While Virginia only regulates tattoos for those under 18, the DC waiting period will apply to everyone regardless of age. And about time, too, since it looks like AARP may soon be offering a tattoo discount.
Darlene Nash, a 57–year–old grandmother, told the WaPost her tattoos are for a dead sister, two granddaughters, her mother and friends who died of cancer. This epidermal notice board is located on her shoulder blades so everyone behind her on the ladder to the water slide can pause and consider mortality.
Evidently there is a lot of commemoration going on. In the same article the owner of Maryland tattoo parlor says older customers “often want to commemorate a milestone, such as the death of a spouse, the birth of a grandchild, a marriage or a divorce.” Looking at it that way, the ink saves time and gas in the long run, because you won’t feel guilty for not visiting mom at the cemetery; and it lasts a lot longer than a mylar birthday balloon.
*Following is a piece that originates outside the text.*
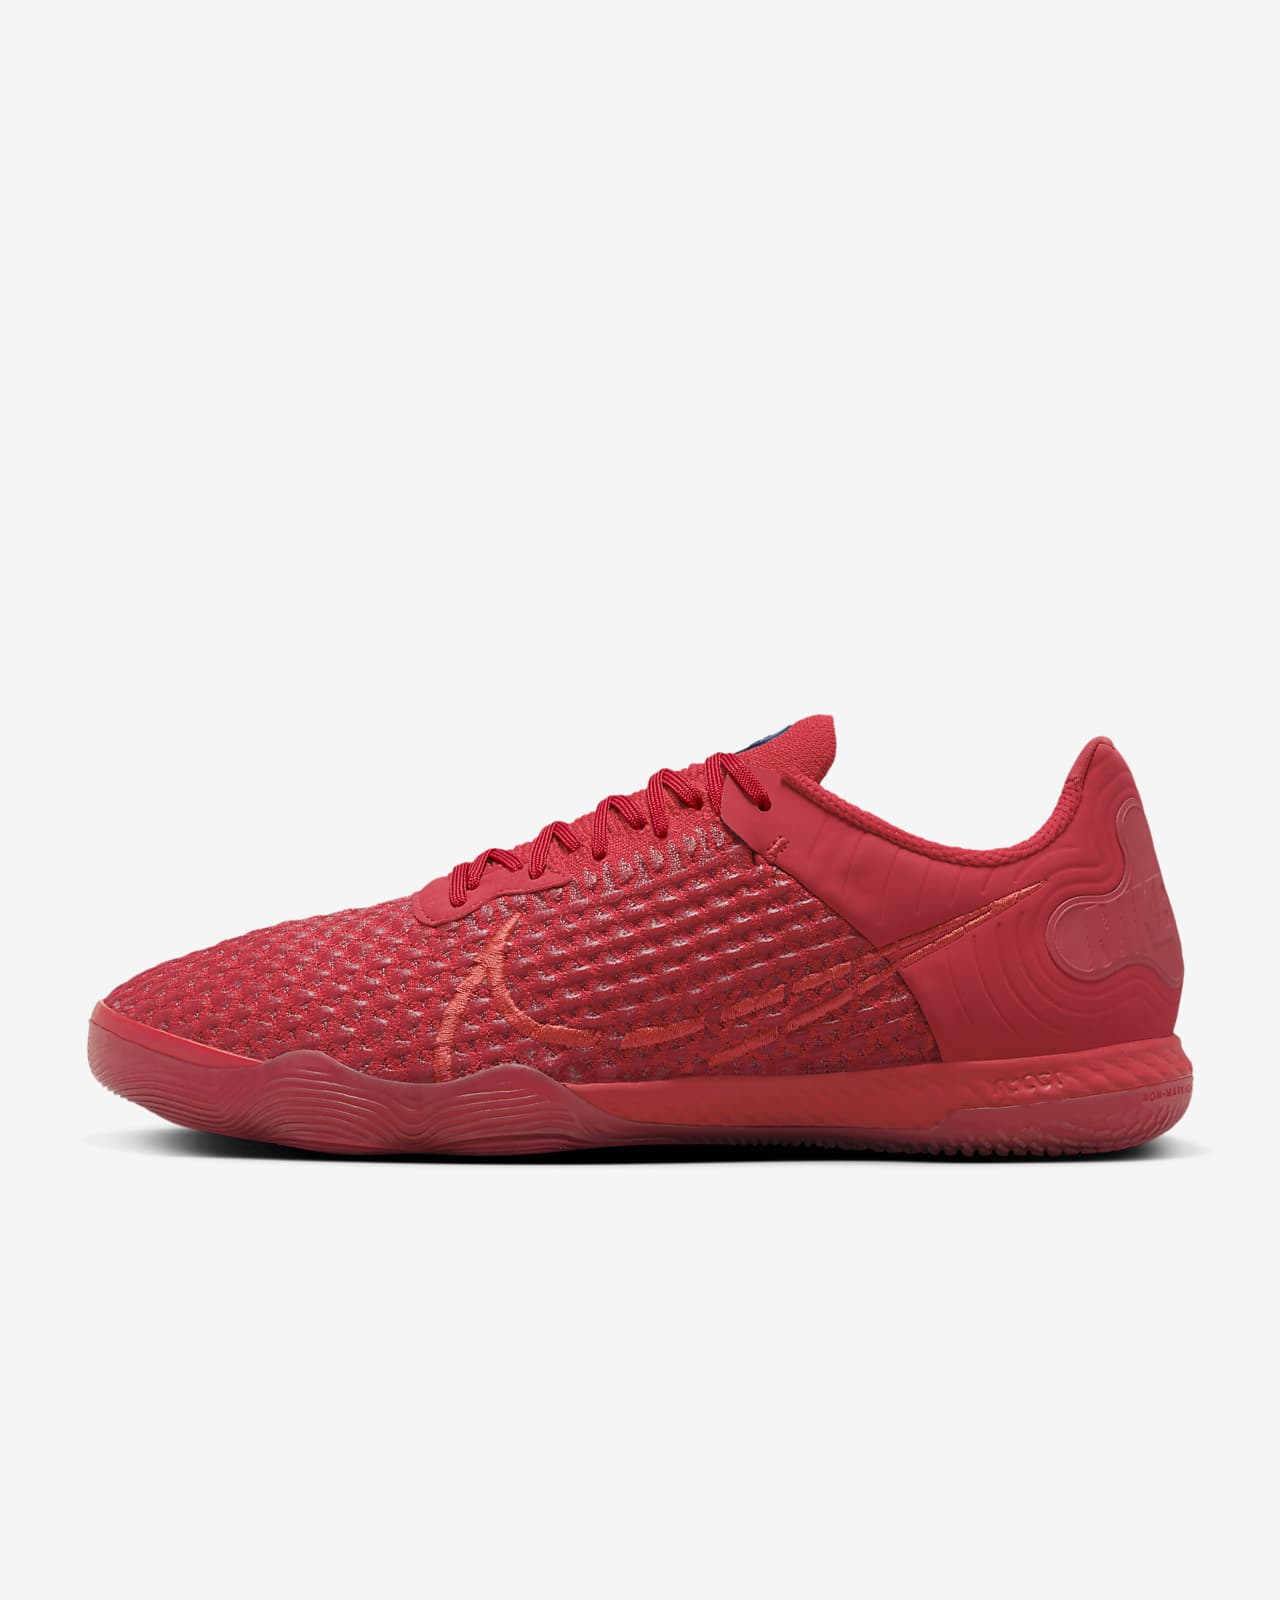 Ποδοσφαιρικά παπούτσια χαμηλού προφίλ για κλειστά γήπεδα Nike React Gato

The Posties also discovered Myrna Armstrong, a tattoo culture professor who has comforting news for older hipsters. She says since the over–55 set already has saggy skin there’s no need to worry about the tattoo wilting. It’s like buying a pre–shrunk shirt. The tattoo–wanting senior just has to find an ‘artist’ skilled enough to ink on the fleshy equivalent of a grocery bag.
It could be the DC Dept. of Health is on the leading edge of a body ink backlash. The Army is considering a ban on any tattoo on the forearm, below the knee or above the neckline and it will require the removal of “offensive” tattoos.
I only wish the District would expand activities covered by a waiting period. Right now the authorities require a waiting before you can buy a gun, but it’s step–right–this–way if you want an abortion. It seems only consistent to expand the wait period to abortion, too. Because although a gun purchase may sometime result in an innocent death, an abortion purchase is designed to result in an innocent death.